■ **SOURCE MATERIAL**
* * * * * * * * *
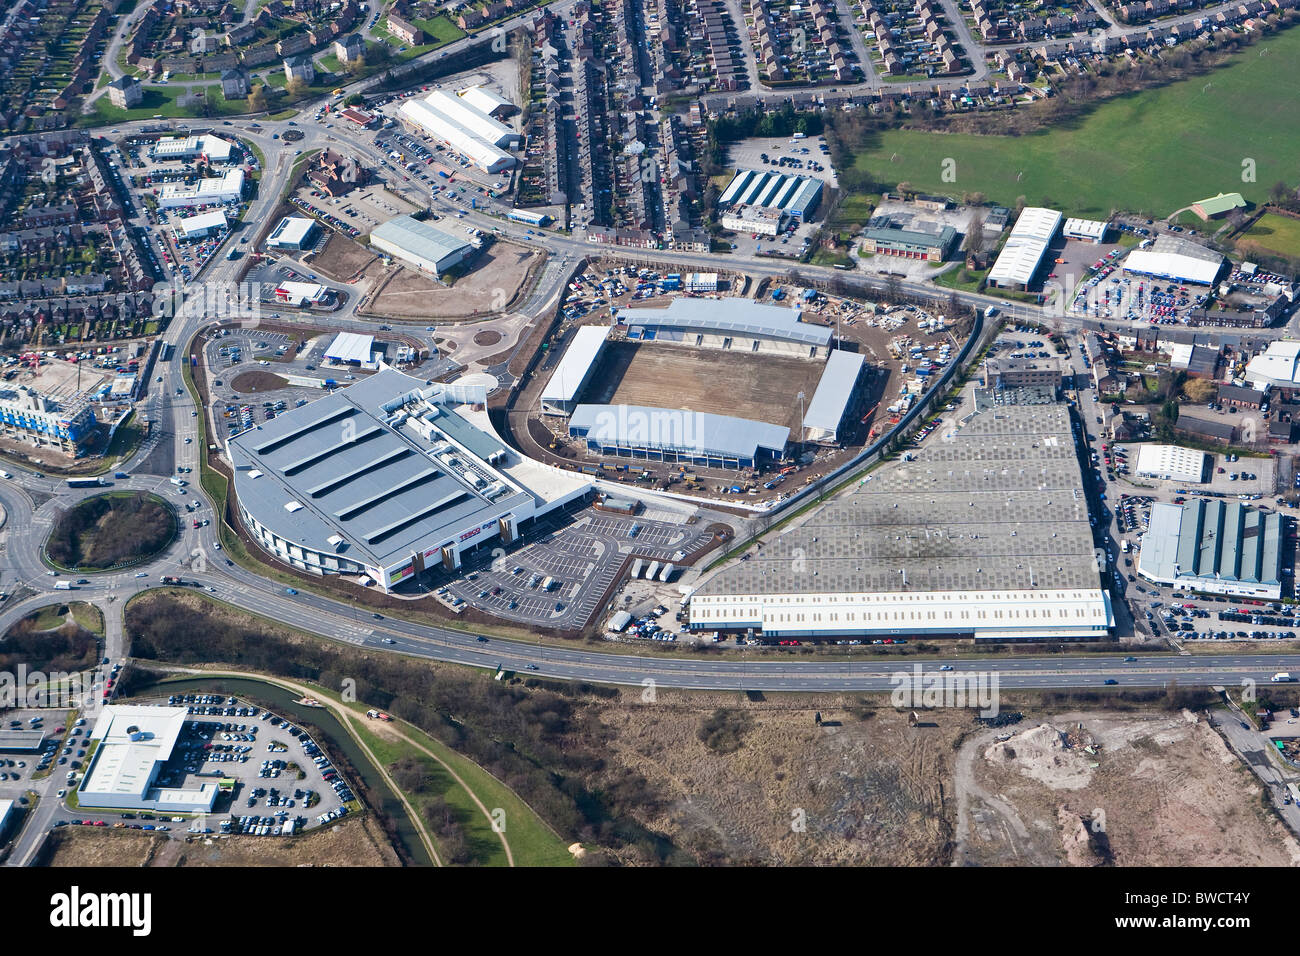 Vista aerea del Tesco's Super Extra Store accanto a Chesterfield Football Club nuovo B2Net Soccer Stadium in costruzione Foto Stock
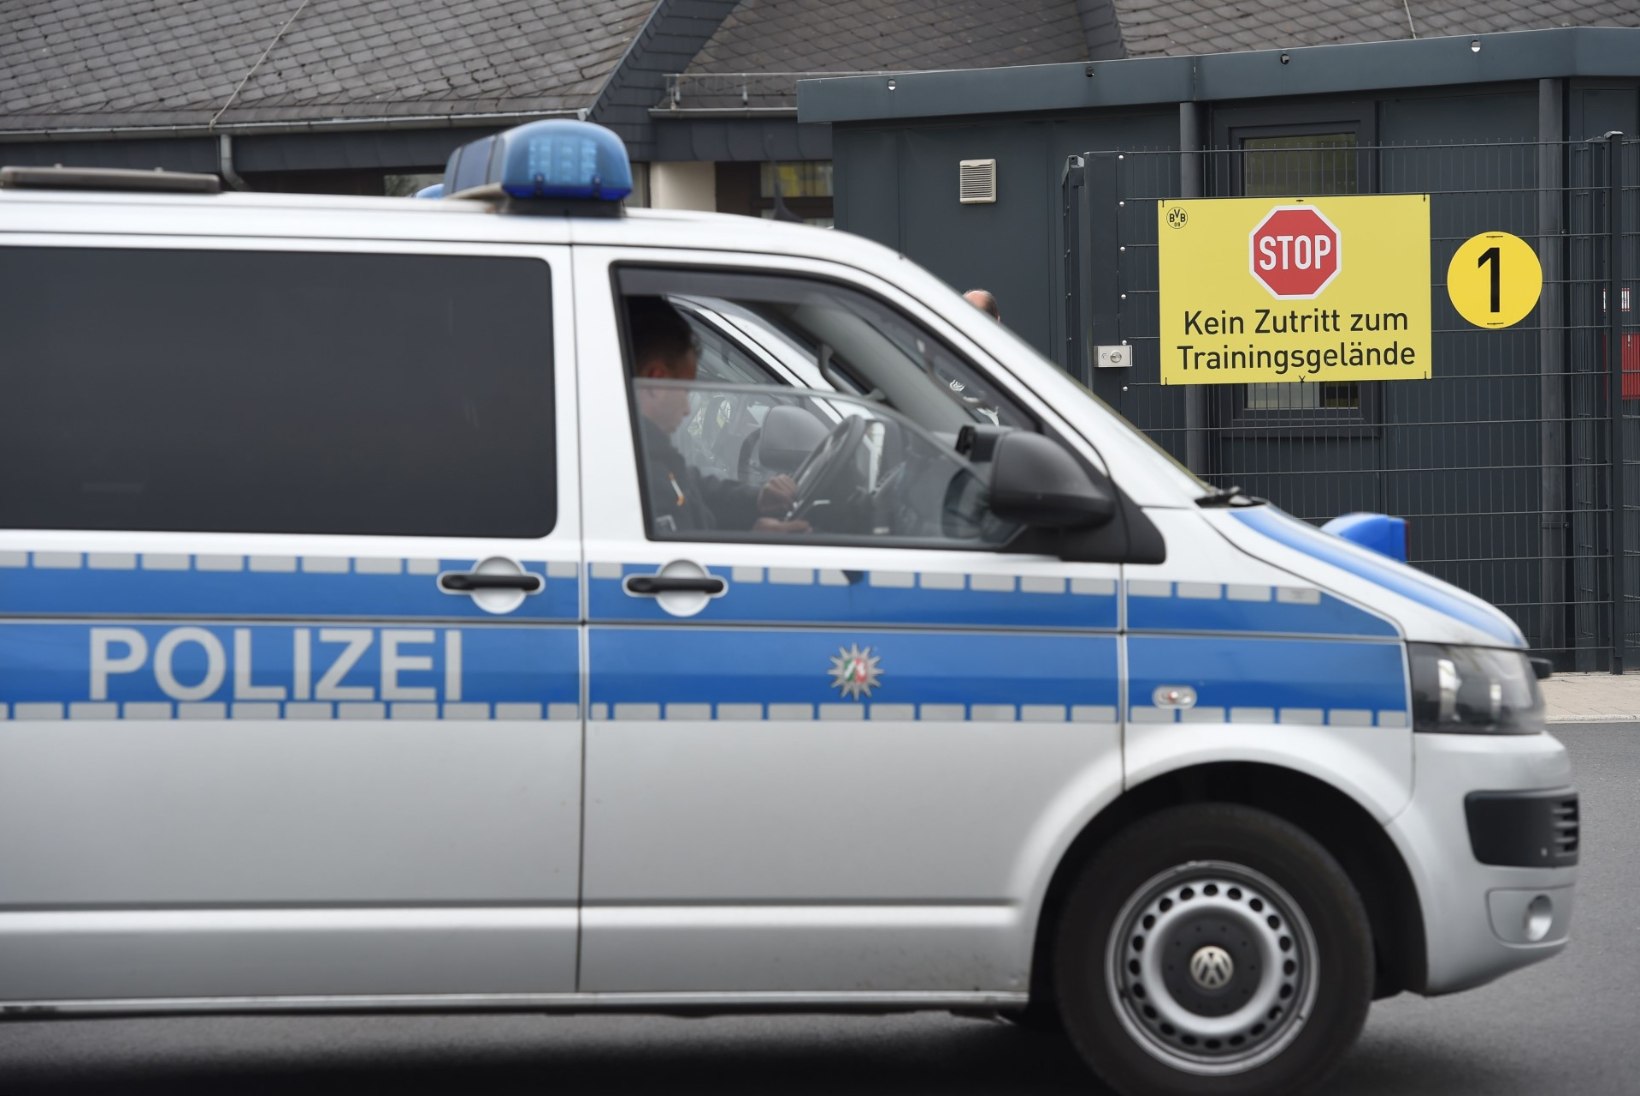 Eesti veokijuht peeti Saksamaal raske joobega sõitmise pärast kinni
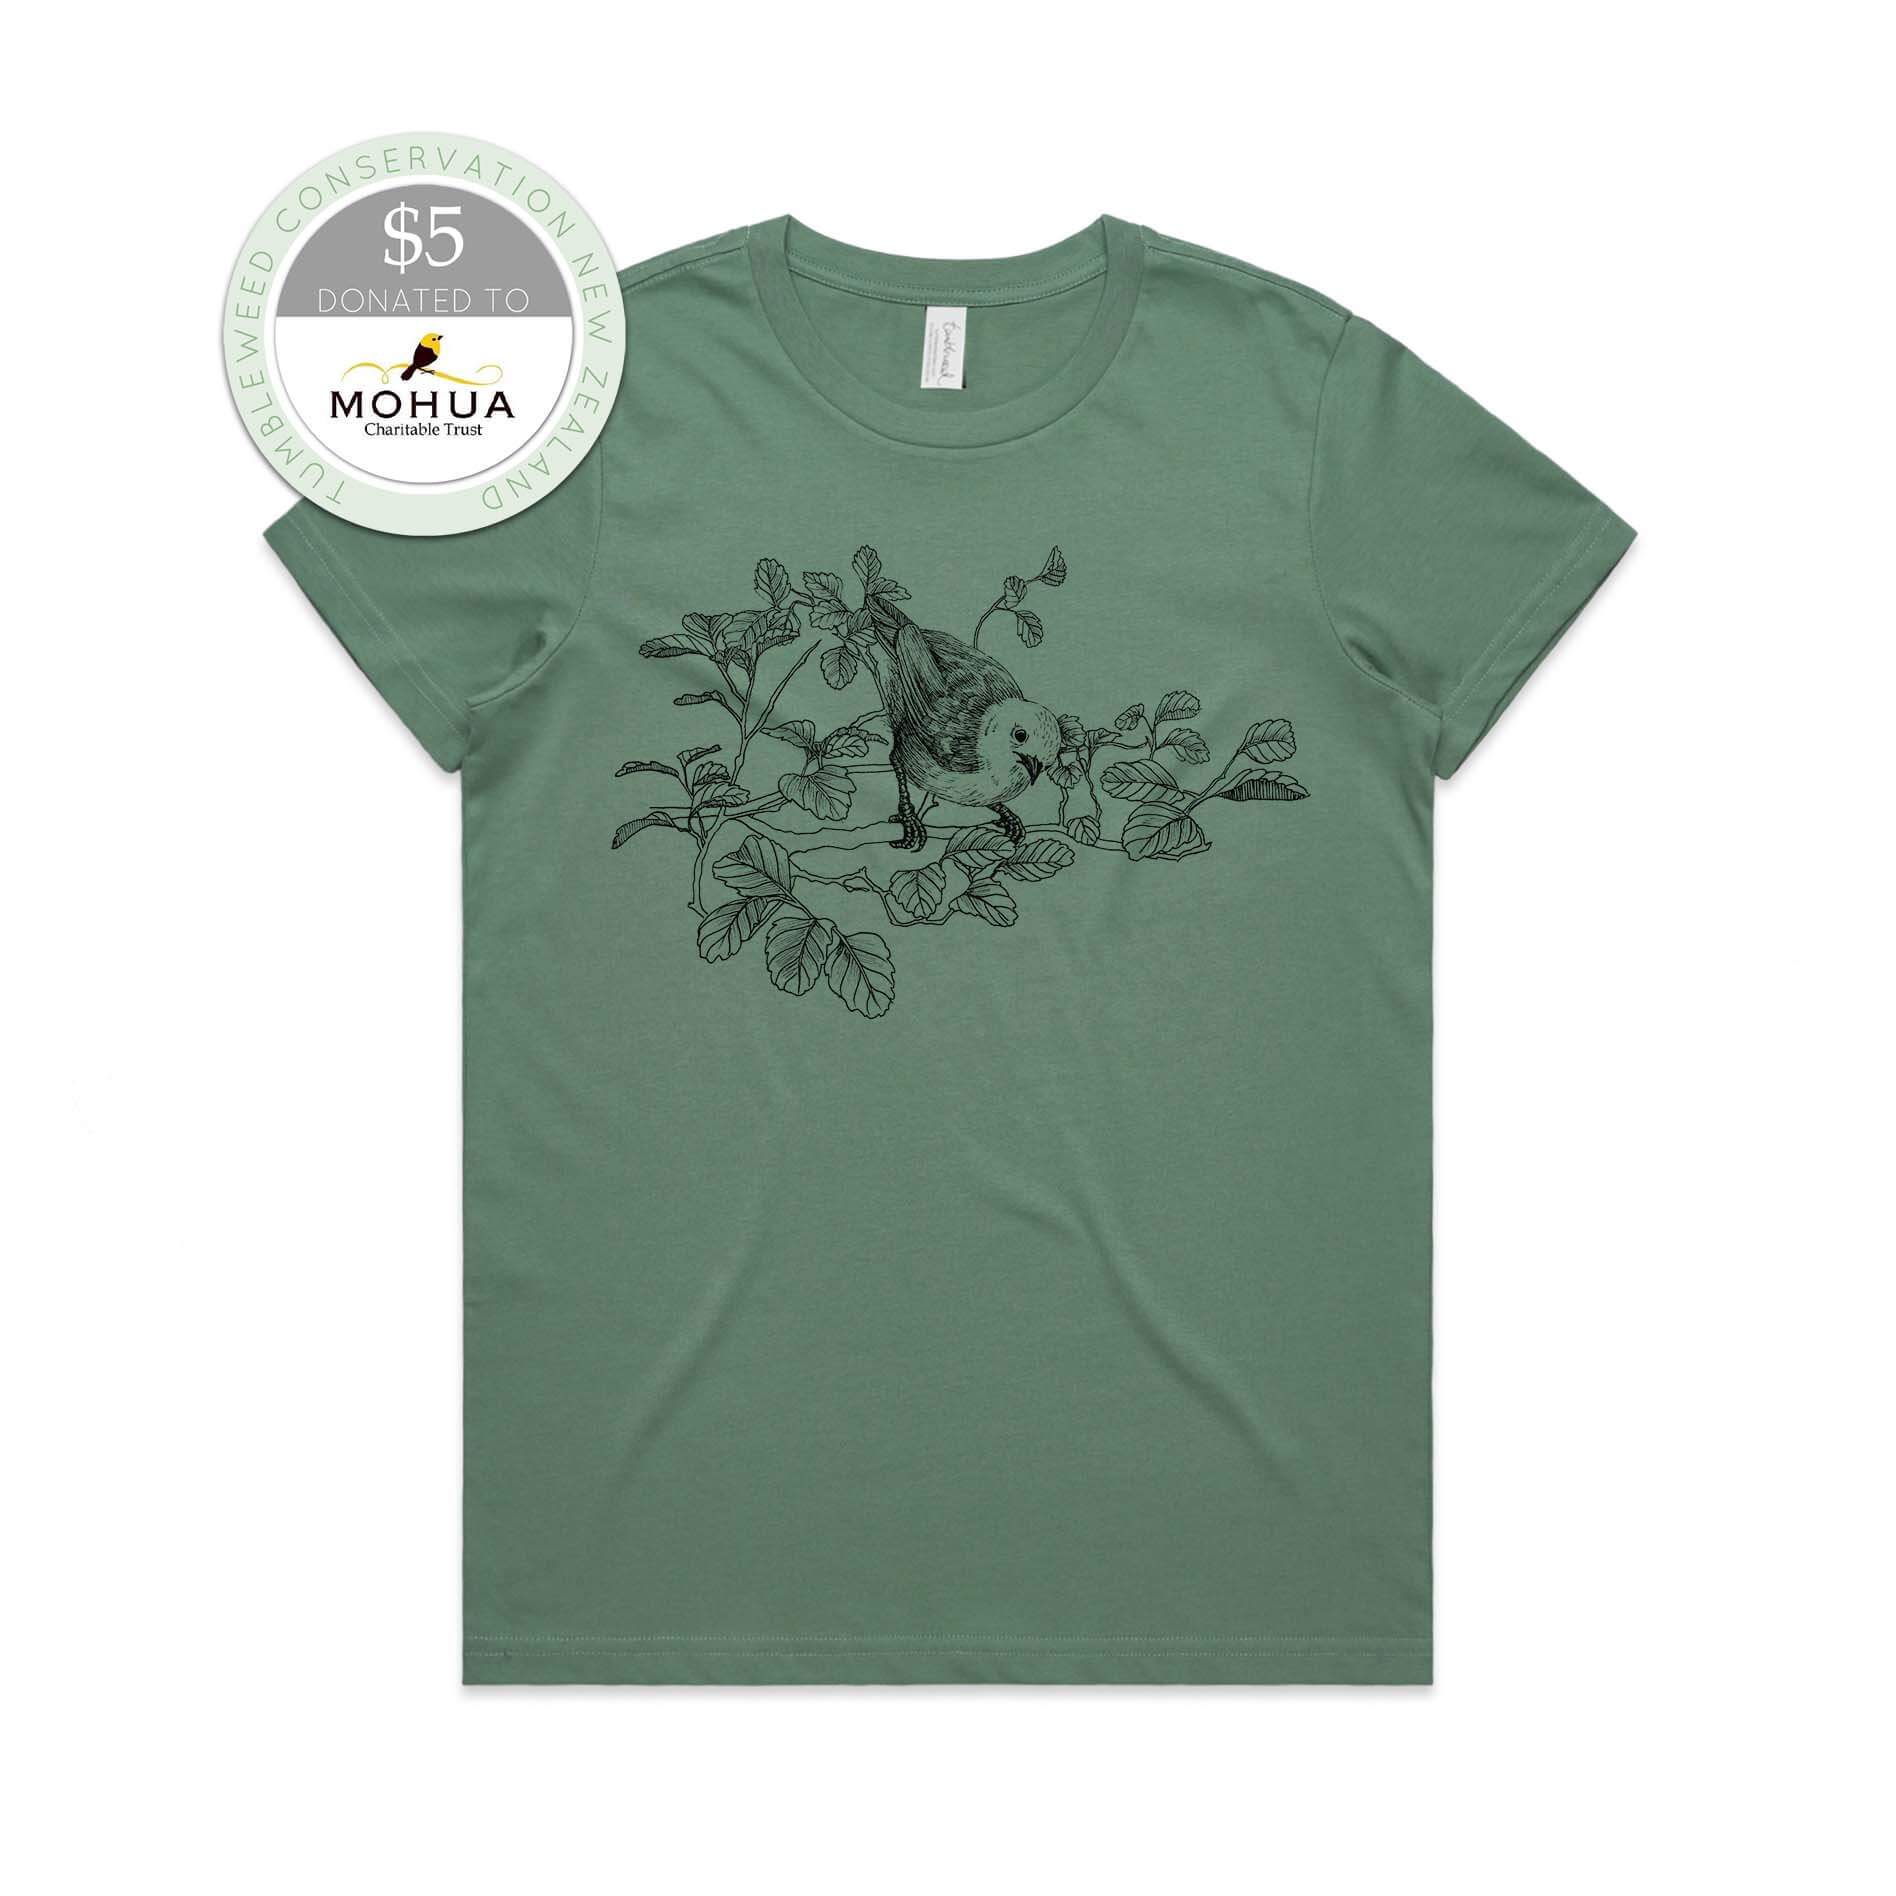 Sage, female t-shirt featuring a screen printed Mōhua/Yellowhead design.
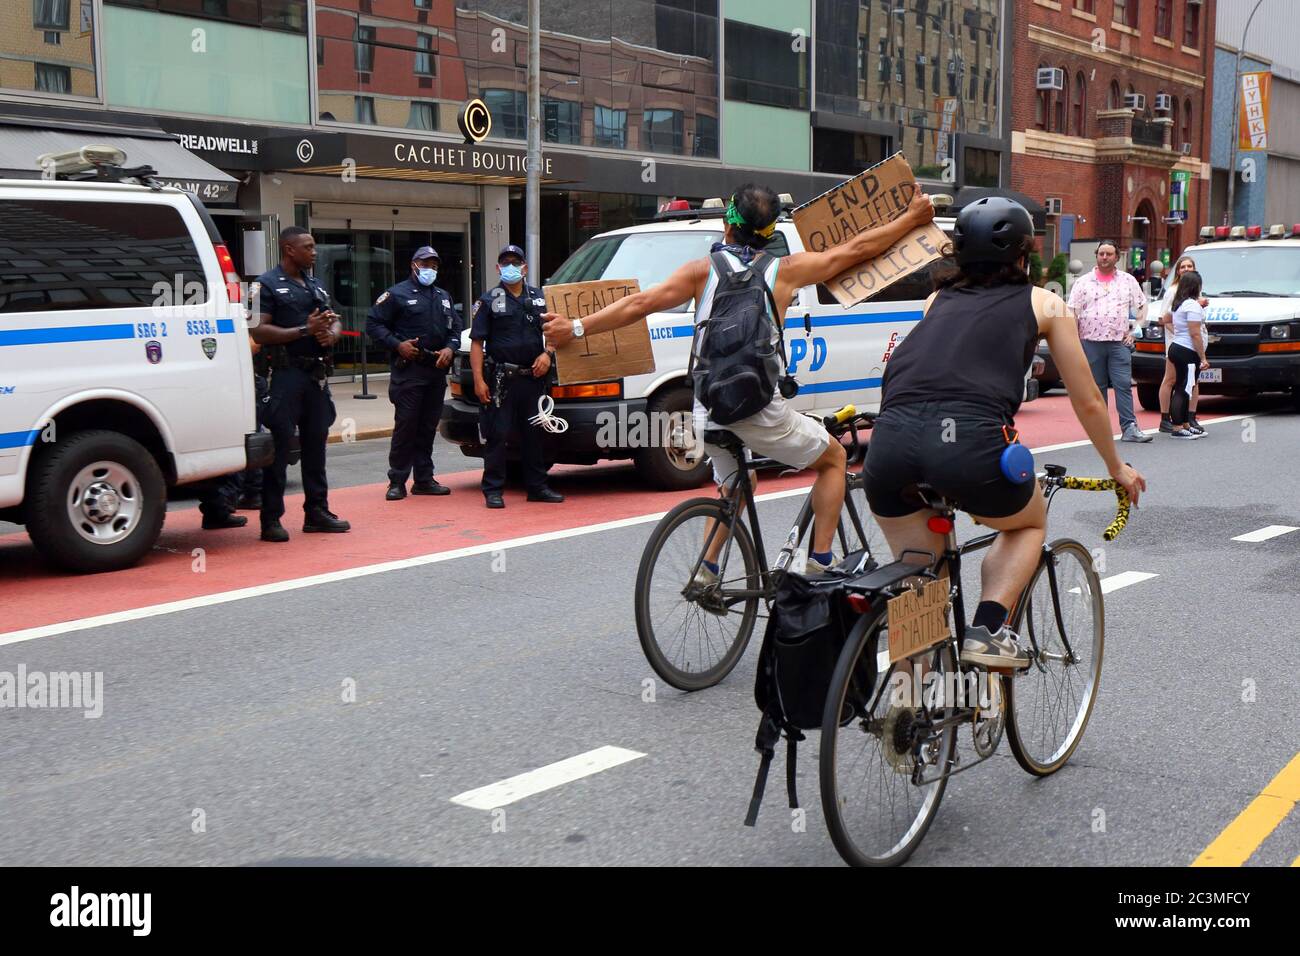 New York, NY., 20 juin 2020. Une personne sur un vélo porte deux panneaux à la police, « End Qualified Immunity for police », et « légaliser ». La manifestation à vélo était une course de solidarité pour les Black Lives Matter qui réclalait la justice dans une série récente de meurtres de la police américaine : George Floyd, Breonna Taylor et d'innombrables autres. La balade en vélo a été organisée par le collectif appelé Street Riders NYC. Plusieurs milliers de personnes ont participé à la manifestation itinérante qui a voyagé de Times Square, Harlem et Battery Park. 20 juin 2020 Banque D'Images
* * * * * * * * *
■ **EXERCISE PROMPT**
From the first line above to the line containing "Sage, female t-shirt", repeat each line exactly. Pictures stay out.

■ **SOLUTION**
 Vista aerea del Tesco's Super Extra Store accanto a Chesterfield Football Club nuovo B2Net Soccer Stadium in costruzione Foto Stock
 Eesti veokijuht peeti Saksamaal raske joobega sõitmise pärast kinni
 Sage, female t-shirt featuring a screen printed Mōhua/Yellowhead design.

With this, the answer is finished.